Rob Wood, economist at consultancy Pantheon Macroeconomics, said the PMIs rise showed “the economy has bottomed as firms digest the payroll tax hikes and fears of further tax rises this month fade”.
Wood said he expected the economy to grow by 0.3 per cent in the first quarter of 2025, after expanding by just 0.1 per cent in the final three months of last year and stagnating in the third quarter of 2024.
But despite the stronger PMIs reading, Williamson said business confidence was “still running close to January’s two-year low” and that improvement had been driven by “only small pockets of growth”, notably in financial services.
Consumer-facing businesses and manufacturers, which are among the companies to have hit out at the rise in employers’ national insurance contributions and the minimum wage from April, were continuing to battle economic turbulence at home and abroad, according to the survey.

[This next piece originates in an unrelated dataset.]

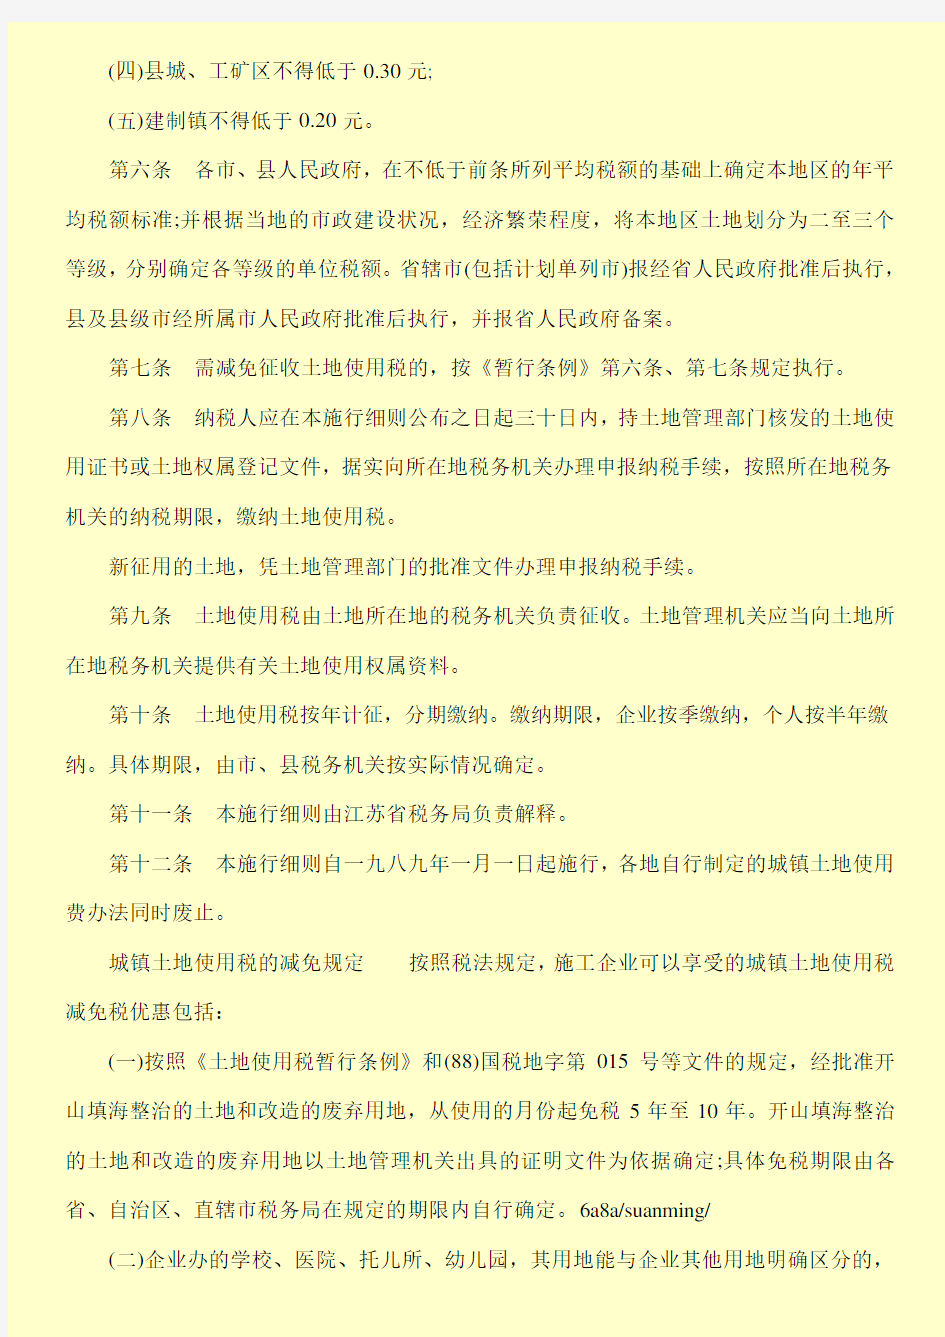 江苏省城镇土地使用税施行细则
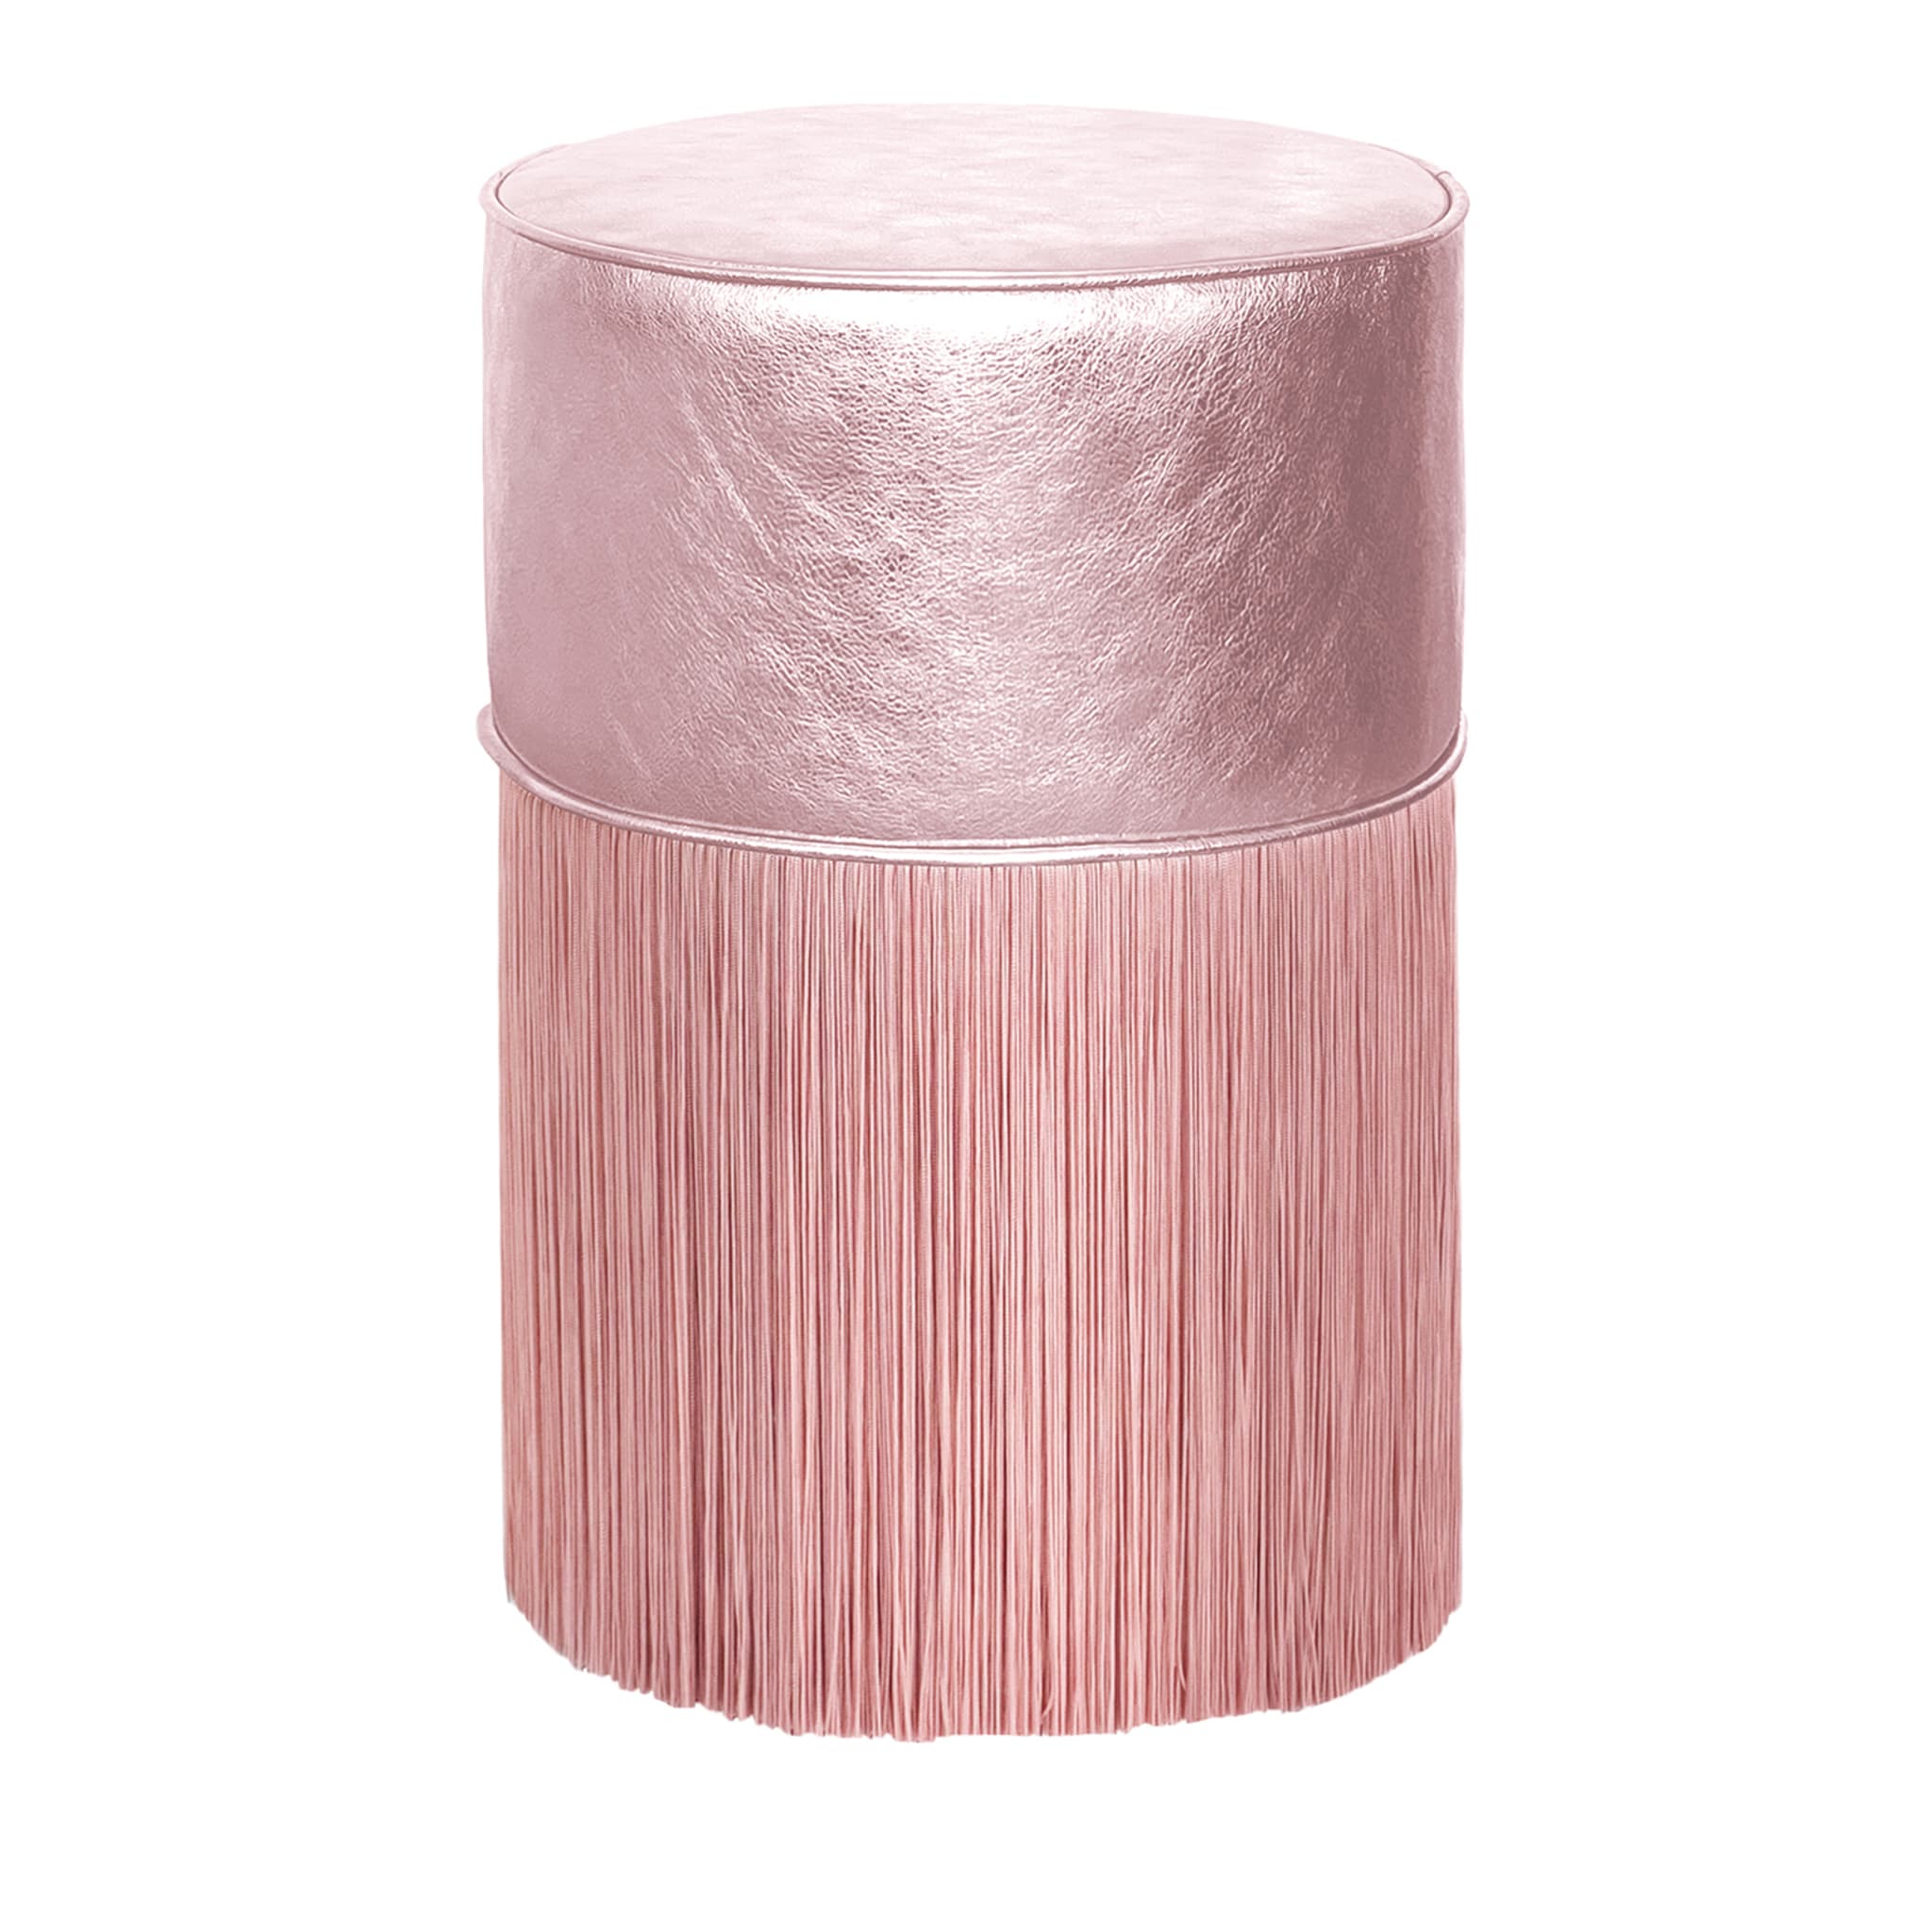 Pouf in pelle metallizzata rosa chiaro di Lorenza Bozzoli - Vista principale

While services performed strongly, the index tracking manufacturing output dropped to a 17-month low of 44.6, with companies in the sector reporting a hit to demand from rising global economic uncertainty and the prospect of US tariffs.
Weak international demand in March resulted in the fastest decline in manufacturing export sales since August 2023, according to the survey, which was conducted in the first half of the month.
The rate of job shedding slowed further in March, easing fears sparked by earlier PMI data that reported the sharpest pace of cuts to headcount since the 2008-09 global financial crisis, excluding the pandemic.
Input cost inflation also eased further from a nine-month high reached in January but remained much higher than the long-run survey average.
The Bank of England last week held interest rates at 4.5 per cent, after voting for a quarter-point cut in February, as it reiterated plans to pursue a “gradual and careful” approach to more reductions.
Financial markets are pricing between one and two quarter-point cuts by the end of the year.
Ashley Webb, economist at consultancy Capital Economics, said a weak economy would enable the BoE to lower interest rates to 3.5 per cent next year.
However, he added that the slower rate of cuts to headcount alongside businesses’ concerns about prices increased “the chances of the BoE pausing interest rate cuts a bit earlier . . . perhaps in May rather than in August”.